World News

Indonesia Investigates How Two Pilots Dozed Off During a Flight

Indonesia's aviation authority said it would review how the country's airlines operate night flights after both pilots on a Batik Air flight carrying 153 passengers fell asleep, causing the plane to briefly veer off course.
Posted 2024-03-11T00:24:13+00:00 - Updated 2024-03-11T00:39:54+00:00

Indonesia’s aviation authority said it would review how the country’s airlines operate night flights after both pilots on a Batik Air flight carrying 153 passengers fell asleep, causing the plane to briefly veer off course.

The flight — a journey of about three hours from Kendari to Jakarta, Indonesia’s capital, early on Jan. 25 — was a return leg for the crew and plane, which had spent less than an hour on the ground after arriving from Jakarta.

The plane took off from Kendari at about 8 a.m., and after reaching cruising altitude, the captain took a nap while the co-pilot manned the flight, according to a preliminary report by the National Transportation Safety Committee. After about an hour, the co-pilot accidentally fell asleep, and several frantic calls from the air traffic control center and other aircraft went unanswered.

About 28 minutes later, the pilot woke up, realized the plane had veered off course and woke up the co-pilot. They course corrected, and the plane landed safely in Jakarta.

Batik Air is owned by Lion Air Group, Indonesia’s largest air travel company, which has a troubled safety record. In 2018, one of its flights fell out of the sky moments after takeoff, killing all 189 people on board. In 2013, a Lion Air flight crashed into the sea while trying to land; all passengers were safely evacuated. And in 2004, 25 people were killed in a Lion Air crash in Surakarta, Indonesia.

In recent years, Lion Air Group has made significant investments into improving the safety of its flights, said Gerry Soejatman, an Indonesian aviation expert and consultant, but he added that it was unclear whether the investments were addressing the underlying issues or making quick fixes.

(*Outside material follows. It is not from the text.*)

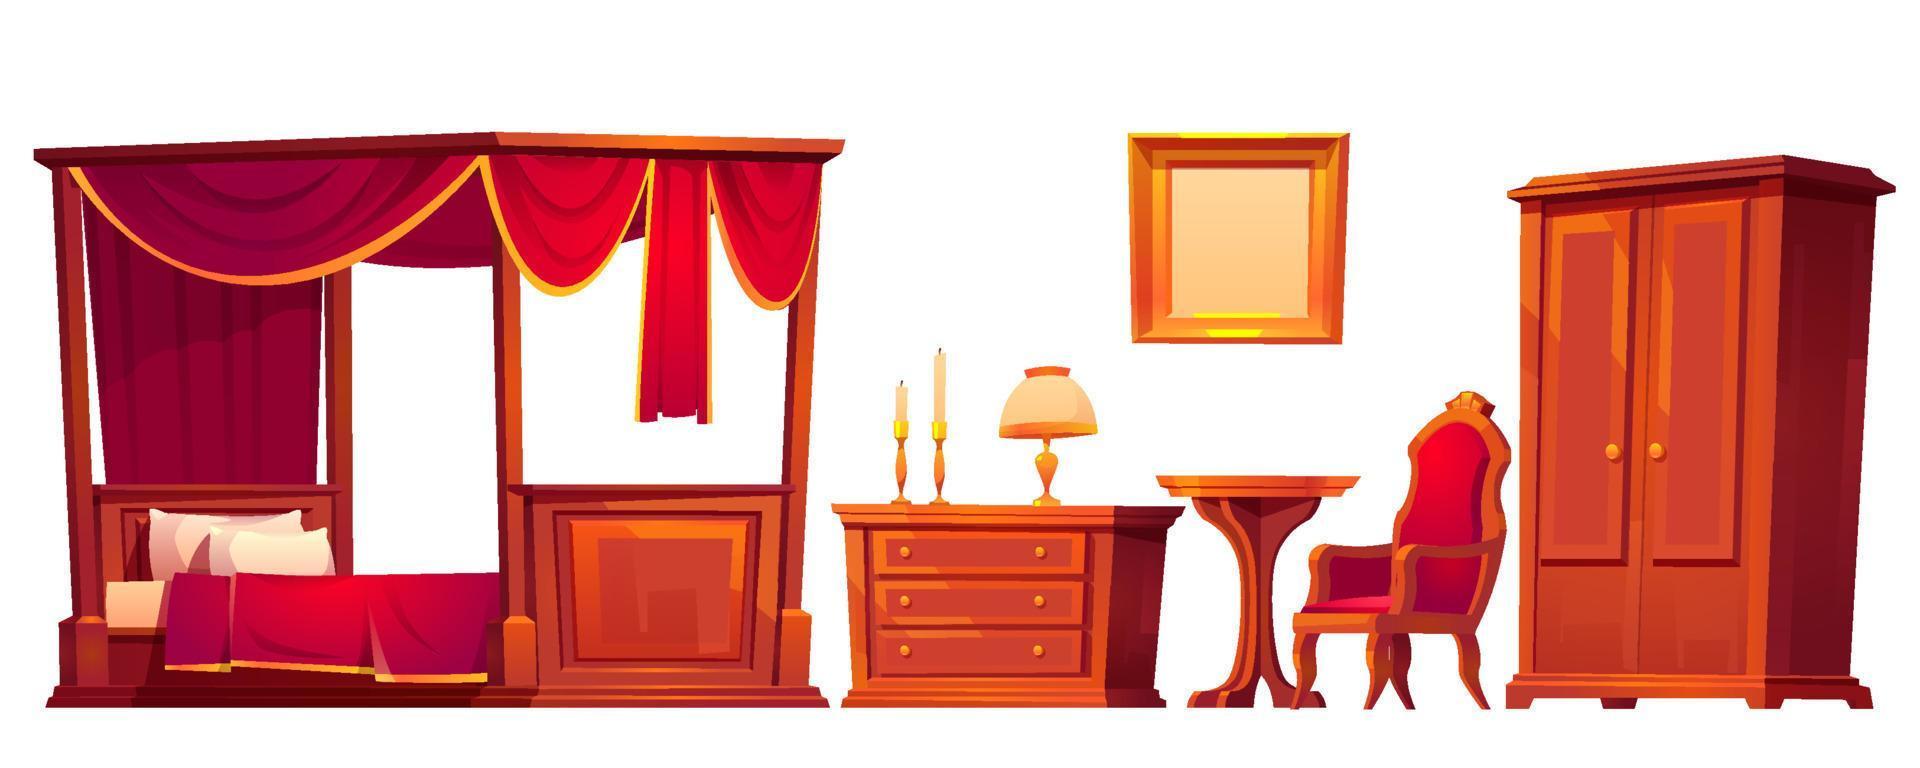 houten meubilair voor oud luxe slaapkamer vector

“Because they have a questionable history,” he said, “what we worry about is that they are overly desperate to fix it.”

Indonesia’s aviation industry has “had a bit of a troubled history,” said Keith Tonkin, the managing director of Aviation Projects, an aviation consulting company in Brisbane, Australia. Indonesia’s airlines were banned from flying in the United States and the European Union for years after a string of crashes by Indonesian carriers in 2007. The bans were lifted in the United States in 2016 and the European Union in 2018.

The preliminary report for the Batik Air episode found that the 28-year-old co-pilot, who was not named, had not slept well the night before the flight because he had twin 1-month-olds and “had to wake up several times to help his wife take care of the babies.”

While preparing for the first leg of the round trip, he told the 32-year-old captain that he did not sleep properly and, at the captain’s offer, had a 30-minute nap on the flight from Jakarta to Kendari, the report said.

The report found that while Batik Air instructs its pilots about impairments to watch out for before a flight, including stress and fatigue, it does not provide detailed guidance about how pilots can assess these impairments. “The absence of detailed guidance and procedure might have made pilots unable to assess their physical and mental condition properly,” the report said.

It also found that while Batik Air specifies that the plane’s cockpit should be checked every 30 minutes during a flight, it does not specify who is responsible for the checks and how they should be done. Cockpit checks are usually conducted by flight attendants.

On Saturday, Indonesia’s director general of civil aviation at the Ministry of Transport, Maria Kristi Endah Murni, said that the ministry would investigate the Batik Air episode and review how all of the country’s airlines manage crew fatigue when operating night flights.

Batik Air said in a statement that both pilots involved in the flight had been temporarily suspended.

The issue of crew fatigue for airlines around the world has been exacerbated by a pilot shortage caused by the coronavirus pandemic, Tonkin said. With many airline staff laid off during the pandemic yet to return to the industry, “there’s systematic pressure on everyone in the industry to perform at a really high level with constraints,” he said.